What cells are primarily responsible for asthma?

Cells Responsible for Asthma

The primary cells responsible for asthma are mast cells, eosinophils, T lymphocytes (particularly Th2 cells), neutrophils, macrophages, and epithelial cells, with eosinophils and T lymphocytes playing the most crucial roles in the inflammatory process that drives asthma pathophysiology. 1

Key Inflammatory Cells in Asthma

Primary Cells

• Eosinophils: Central to allergic/T2-high asthma, releasing inflammatory mediators that cause airway damage and hyperresponsiveness 1, 2
• T lymphocytes: Particularly CD4+ Th2 cells that orchestrate the allergic response through cytokine production (IL-4, IL-5, IL-13) 3, 4
• Mast cells: Release histamine and other mediators during allergen exposure, causing immediate bronchoconstriction 1, 5

Secondary Cells

• Neutrophils: Predominant in specific asthma phenotypes including severe asthma, sudden-onset fatal exacerbations, occupational asthma, and in smokers 1
• Macrophages: Contribute to chronic inflammation and remodeling 1, 5
• Epithelial cells: Both targets of inflammation and active participants in the inflammatory response 1, 5

Asthma Phenotypes and Cell Predominance

Eosinophilic/T2-High Asthma

This is the classic allergic asthma pattern characterized by:

• Predominance of eosinophils and Th2 lymphocytes 2
• Production of Th2 cytokines (IL-4, IL-5) 3
• Good response to corticosteroid therapy 1
• Often associated with atopy and allergic triggers 1

Neutrophilic/T2-Low Asthma

This phenotype is characterized by:

• Predominance of neutrophils rather than eosinophils 1
• Often seen in severe, refractory asthma 1
• Associated with sudden-onset fatal exacerbations 1
• More common in smokers and those with occupational asthma 1
• Less responsive to conventional corticosteroid therapy 1

Non-Asthmatic Eosinophilic Bronchitis (NAEB)

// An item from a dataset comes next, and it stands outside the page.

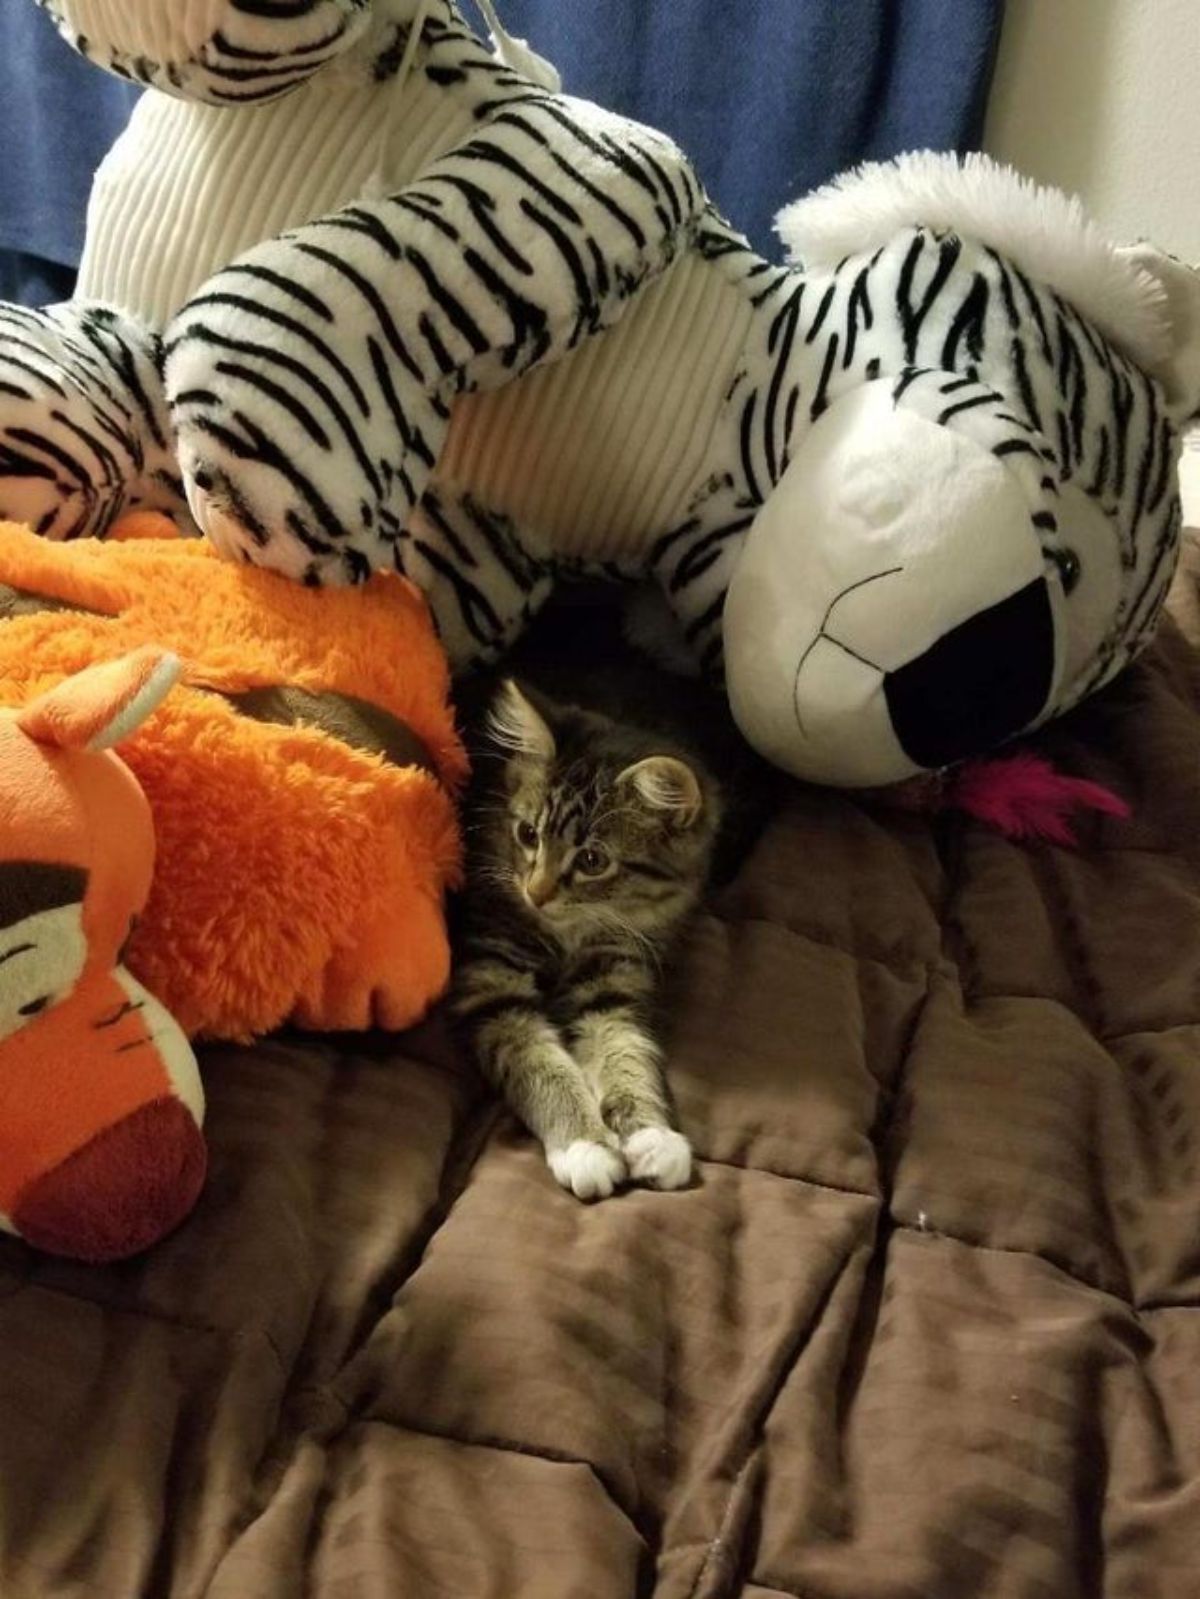 stuffed toys - tabby kitten on a brown bed under some big stuffed toys

This related condition shares features with asthma but has important differences:

• Similar eosinophilic inflammation to asthma 1
• Lacks airway hyperresponsiveness characteristic of asthma 1
• Different pattern of mast cell localization compared to asthma 1
• Responds to anti-inflammatory treatments 1

Pathophysiological Mechanisms

Inflammatory Cascade

1. Allergen exposure activates mast cells and Th2 lymphocytes 2
2. Th2 cells release cytokines (IL-4, IL-5, IL-13) 3
3. IL-5 recruits and activates eosinophils 2
4. Activated inflammatory cells release mediators causing:
   • Bronchoconstriction
   • Mucus hypersecretion
   • Airway edema
   • Airway hyperresponsiveness 1

Airway Remodeling

Chronic inflammation leads to structural changes:

• Subbasement membrane fibrosis 1
• Smooth muscle hypertrophy 1
• Mucus gland hyperplasia 1
• Angiogenesis 1
• These changes may lead to fixed airflow obstruction over time 1

Clinical Implications

Diagnostic Considerations

• Sputum cell counts can help identify the predominant inflammatory cell type 1
• Blood eosinophil counts and fractional exhaled nitric oxide (FeNO) can indicate eosinophilic inflammation 1
• Different cell patterns may require different treatment approaches 6

Treatment Implications

• Eosinophilic asthma typically responds well to corticosteroids 1
• Neutrophilic asthma may be less responsive to conventional steroid therapy 1
• Phenotype switching can occur due to environmental factors, aging, infections, or treatment effects, requiring reassessment of inflammatory patterns and treatment adjustments 6

Pitfalls and Caveats

• Asthma phenotypes can change over time (phenotype switching), requiring periodic reassessment of inflammatory patterns 6
• Corticosteroids may prolong neutrophil survival by decreasing apoptosis, potentially worsening neutrophilic inflammation 1
• The presence of neutrophils doesn't exclude eosinophilic inflammation; mixed patterns can occur 1
• Focusing solely on one cell type may lead to suboptimal treatment in patients with mixed inflammatory patterns 6
• Environmental exposures, infections, and aging can all modify the inflammatory cell pattern in asthma 6

Understanding the cellular basis of asthma is crucial for appropriate phenotyping and targeted therapy selection, ultimately improving control of symptoms and reducing the risk of exacerbations and long-term complications.